Waheed, a sophomore at Camden's Woodrow Wilson High School, says there's plenty of drug action on the streets of his North Camden neighborhood, and he thinks rap music only tends to make the dealers appear heroic.
And he wasn't the only one expressing concerns yesterday about how media images of violence, drugs and other problems affect young people in the inner city.
Around 150 educators, social service workers, government and law enforcement officials, community activists, physicians and high school students spent more than eight hours discussing everything from the violence content of TV and films to advertising strategies for reaching teenagers, as part of the third annual "Urban Youth And Crisis" conference put on by the Nigeria-America Institute on Substance Abuse, Inc (NISA).
The two-day conference - subtitled "The Impact of Media on Violence and Youth" - continues today at the Sheraton Poste Inn in Cherry Hill, and is part of Camden's month-long Mayday anti-violence campaign.

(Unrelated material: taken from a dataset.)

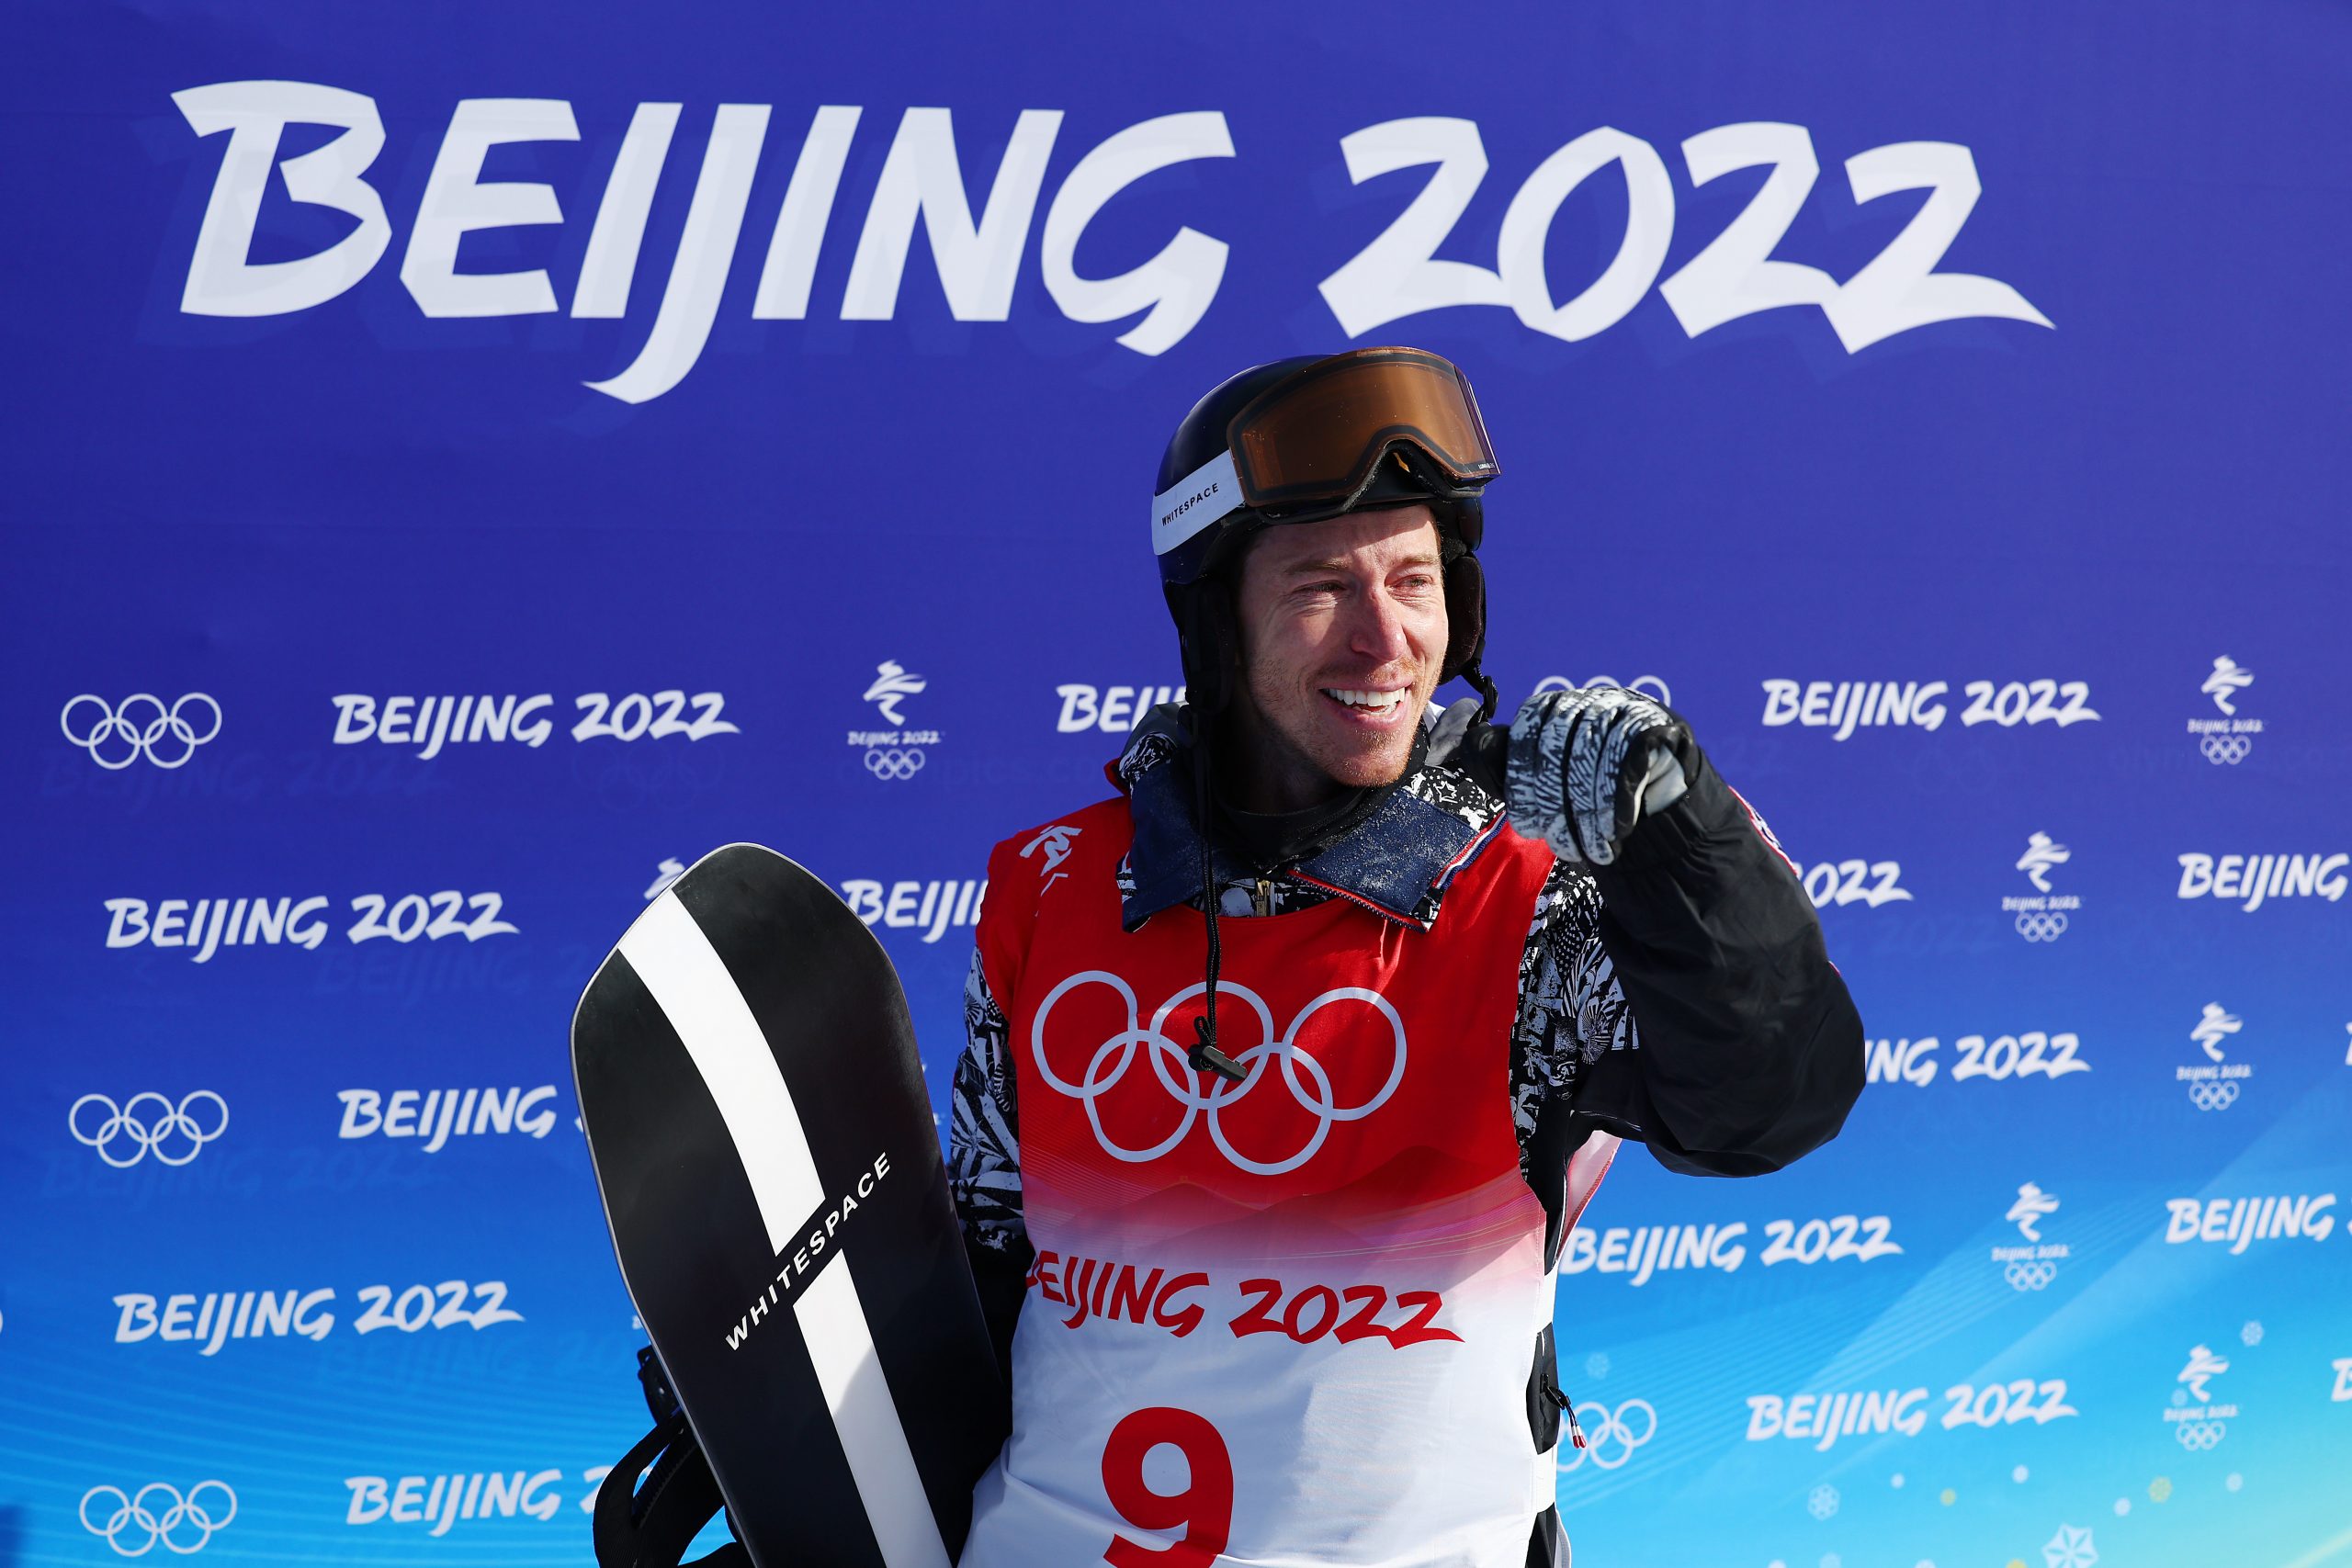 Powder to Panes: Snowboarder Shaun White to deliver keynote at

In workshops, panel discussions, and large-group meetings the topics, including, "Reaching the Hip-Hop Culture," "The Epidemiology of Violence," and the "Camden Experience" (with youth violence) were as wide-ranging as the problems. Solutions were harder to come by.
"One of the things that frustrates people when they come to a conference is that they leave with an empty feeling because there's no action," said Ona Pela, director of NISA, an international organization that provides drug and family counseling and cultural awareness programs for blacks. "But the problem isn't going to go away with a magic wand. It's going to take time."
Even if no quick-fix solutions were evident, certain themes emerged with clockwork consistency.
From state Assemblyman Wayne Bryant (D., Camden) to physicians such as Dr. Reuben Warren of the Centers for Disease Control and Prevention in Atlanta to New Jersey Health Commissioner Bruce Siegel, there was agreement that racism works to keep young blacks, Hispanics and American Indians out of the mainstream, that media violence can promote real-life violence, that parents must be fully involved in the lives of their children, that teenagers must be taught positive values, and that people of color must act more forcefully to resolve problems of youth violence in their own communities.
"Black crime on black folks is our business, not government's" said Bryant. "We no longer can stand and make excuses for the lack of values for our young people. We cannot afford to lose another generation."
Dr. Chuckwudi Onwuachi-Sanders, a physician with the Centers for Disease Control and Prevention who is currently on loan to the Philadelphia Department of Public Health, used a series of graphs to show just how deep the danger goes:
One in every 27 black males is likely to be a victim of homicide.
Most will die by gunfire.
Most will be killed by other black males.
Most will know their assailants.
Onwuachi-Sanders was emphatic in her assertions "that violence is an American issue, and no one who lives here is immune." On a chart in which black murders were subtracted from the country's total homicides, the United States still far exceeded a dozen other industrialized nations.
She said such results were predictable in a nation that glorifies violence and gives young people the means to act out violent fantasies through easy-to- acquire firearms.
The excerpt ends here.